Data block:
┄┄┄┄┄┄┄┄┄┄

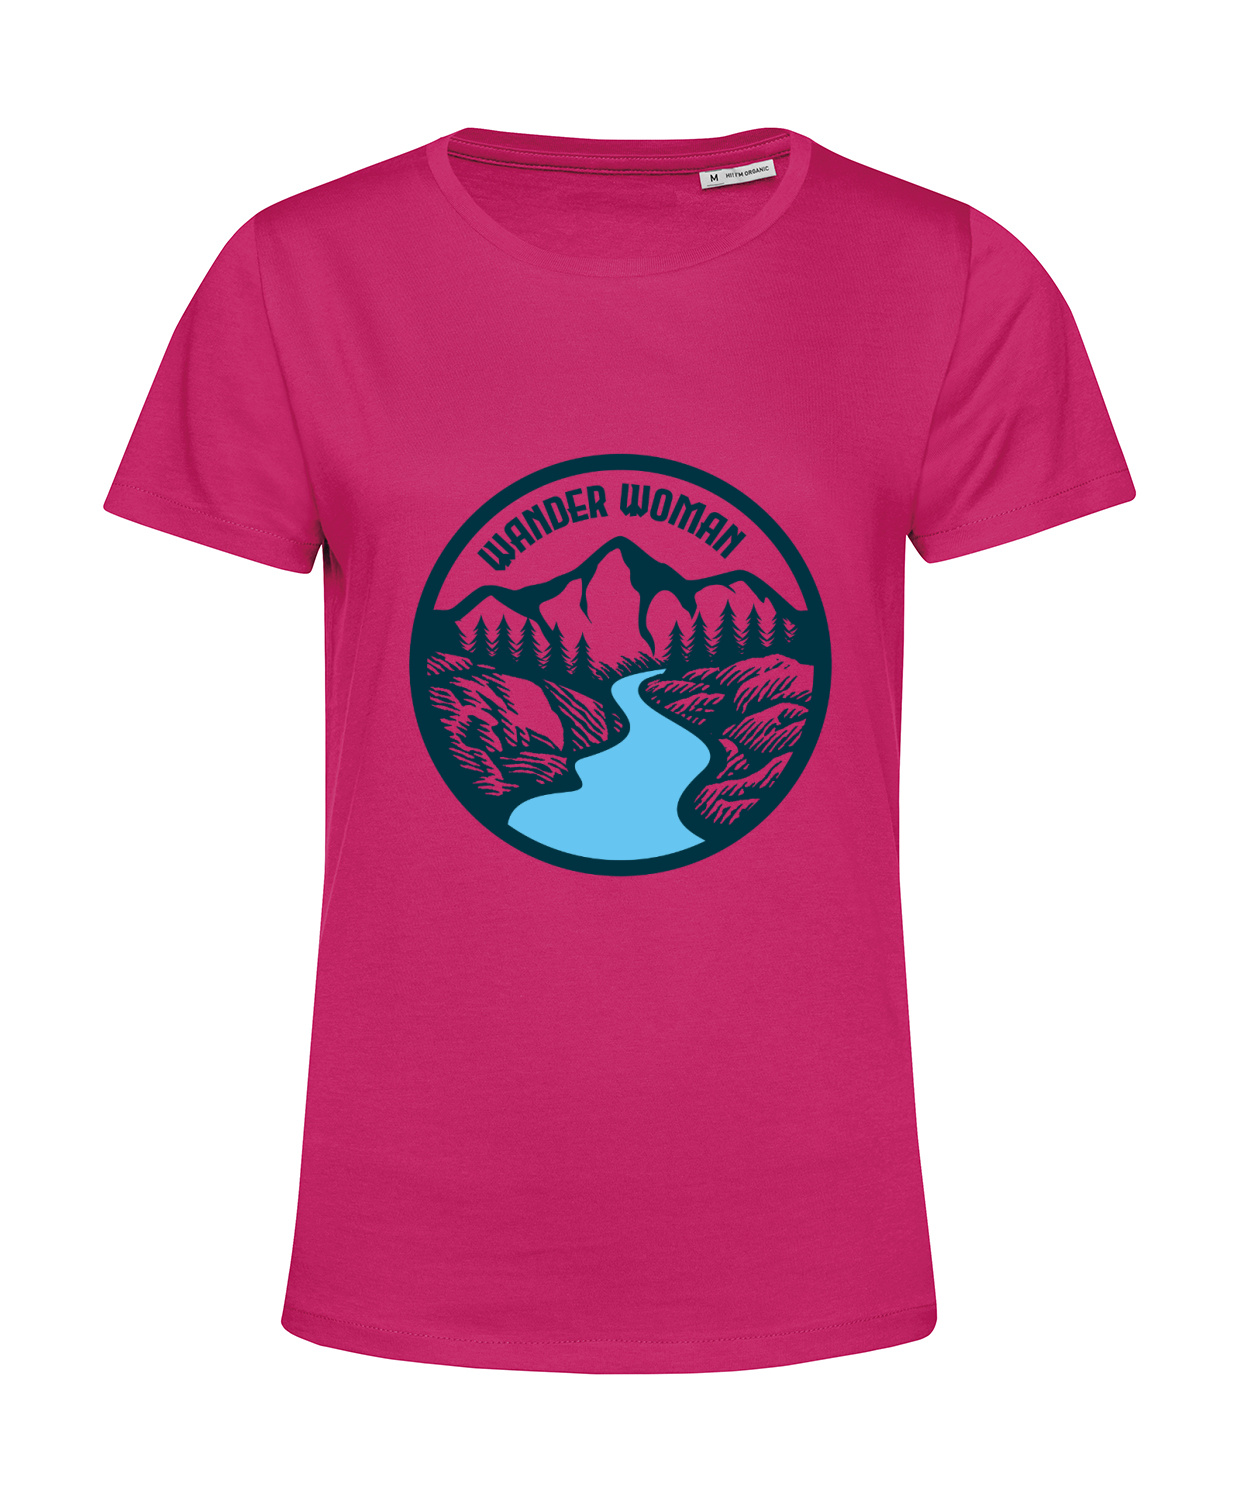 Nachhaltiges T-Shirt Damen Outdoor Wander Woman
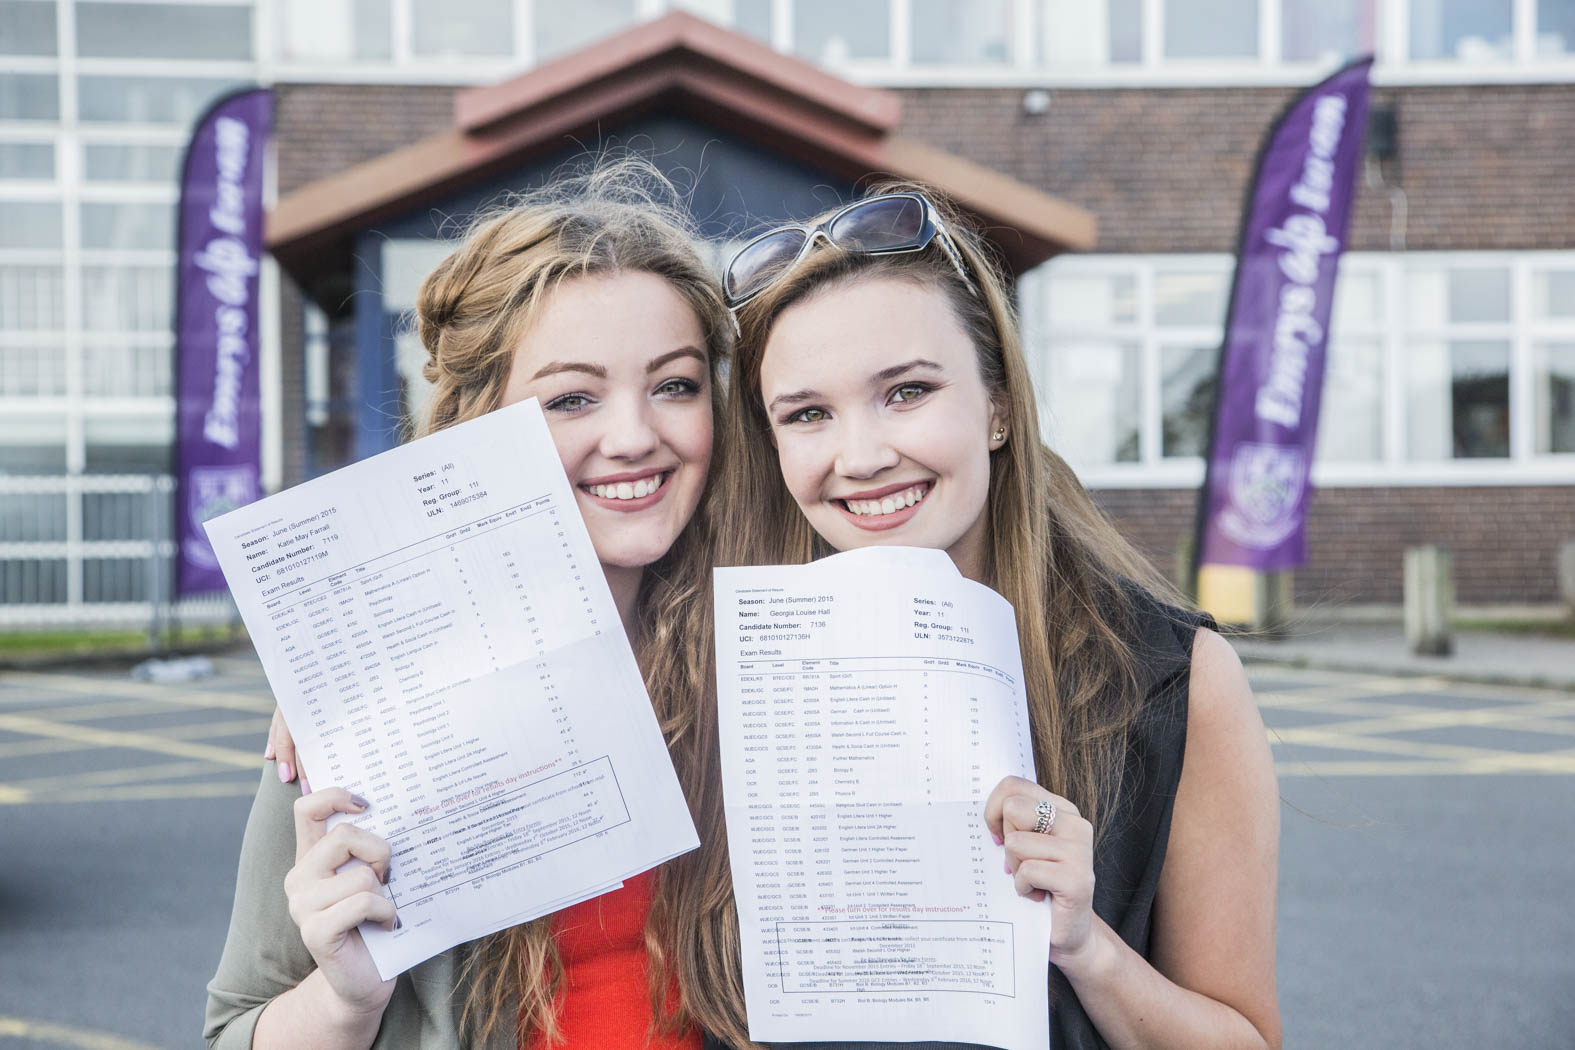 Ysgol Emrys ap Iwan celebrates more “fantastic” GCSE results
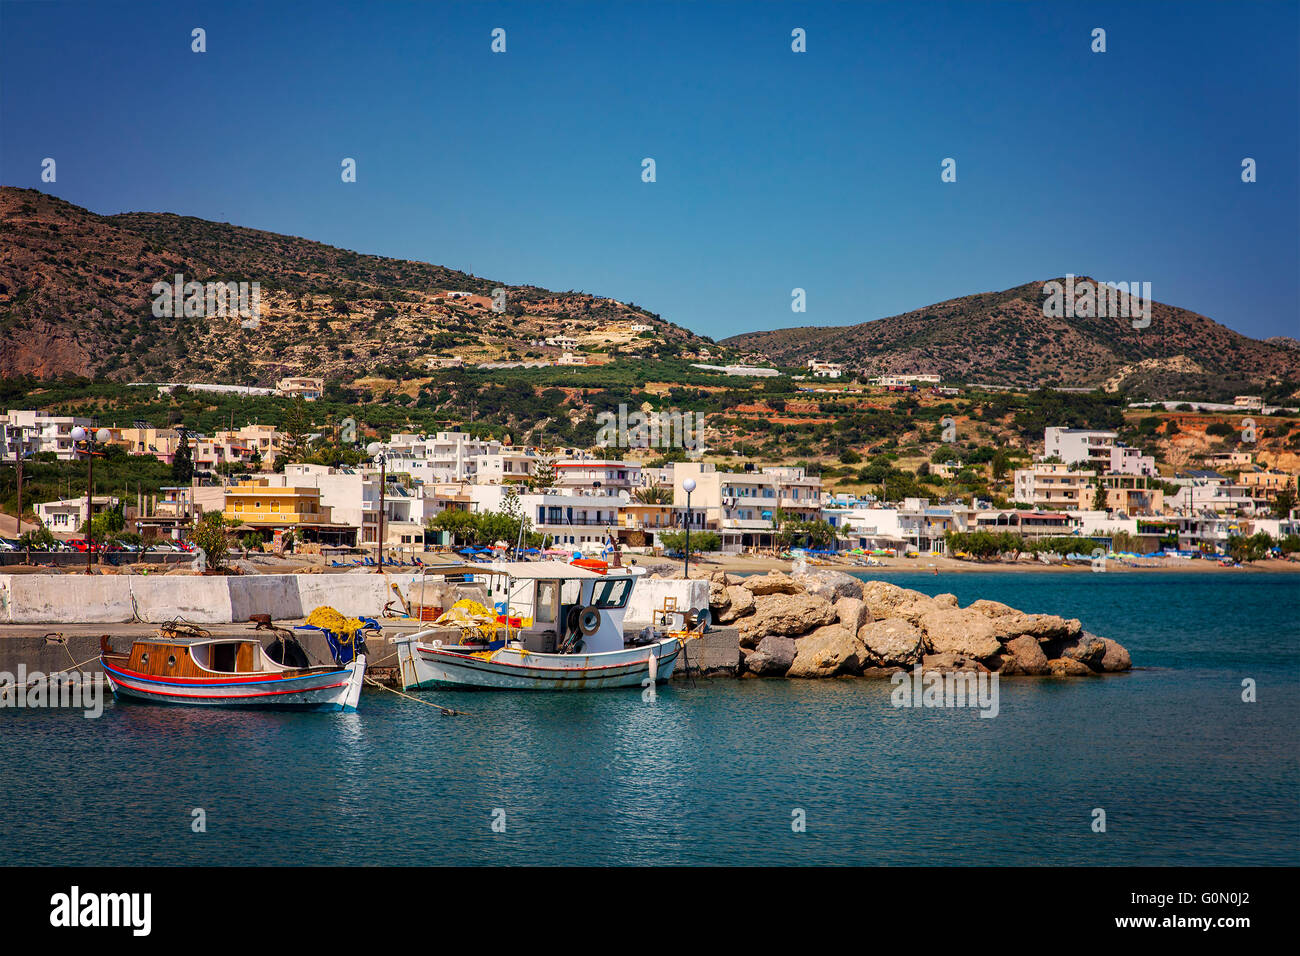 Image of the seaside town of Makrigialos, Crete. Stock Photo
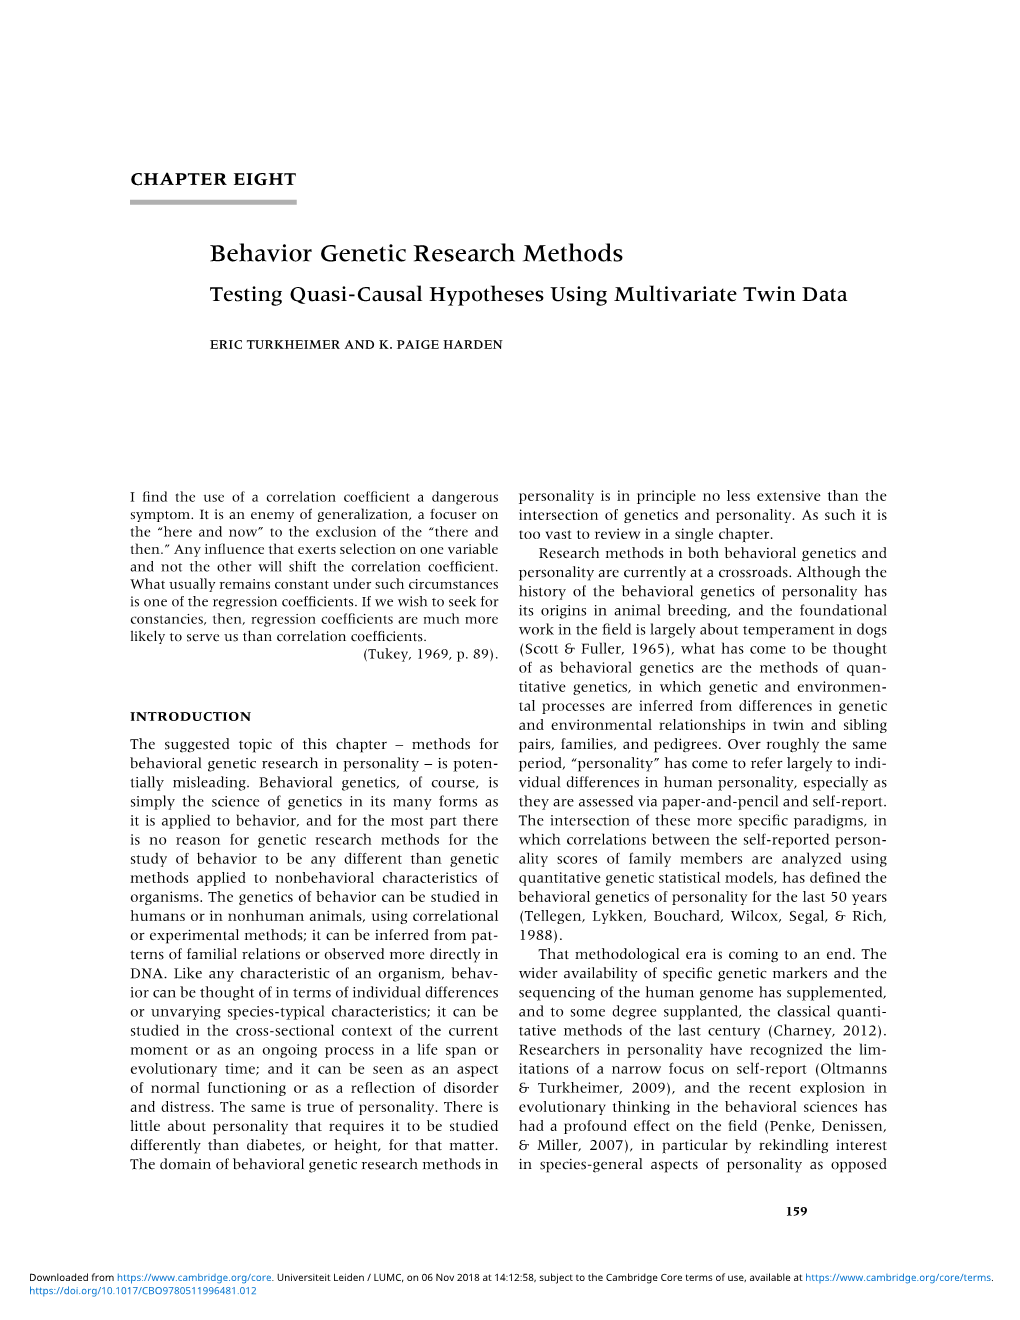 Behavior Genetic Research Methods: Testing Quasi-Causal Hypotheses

┄┄┄┄┄┄┄┄┄┄

Work request:
Starting at the line that contains "Ysgol Emrys ap" and ending at the final line of the data, reproduce each line exactly. Pictures stay out of the copy.

Output of the exercise:
 Ysgol Emrys ap Iwan celebrates more “fantastic” GCSE results
 Image of the seaside town of Makrigialos, Crete. Stock Photo
 Behavior Genetic Research Methods: Testing Quasi-Causal Hypotheses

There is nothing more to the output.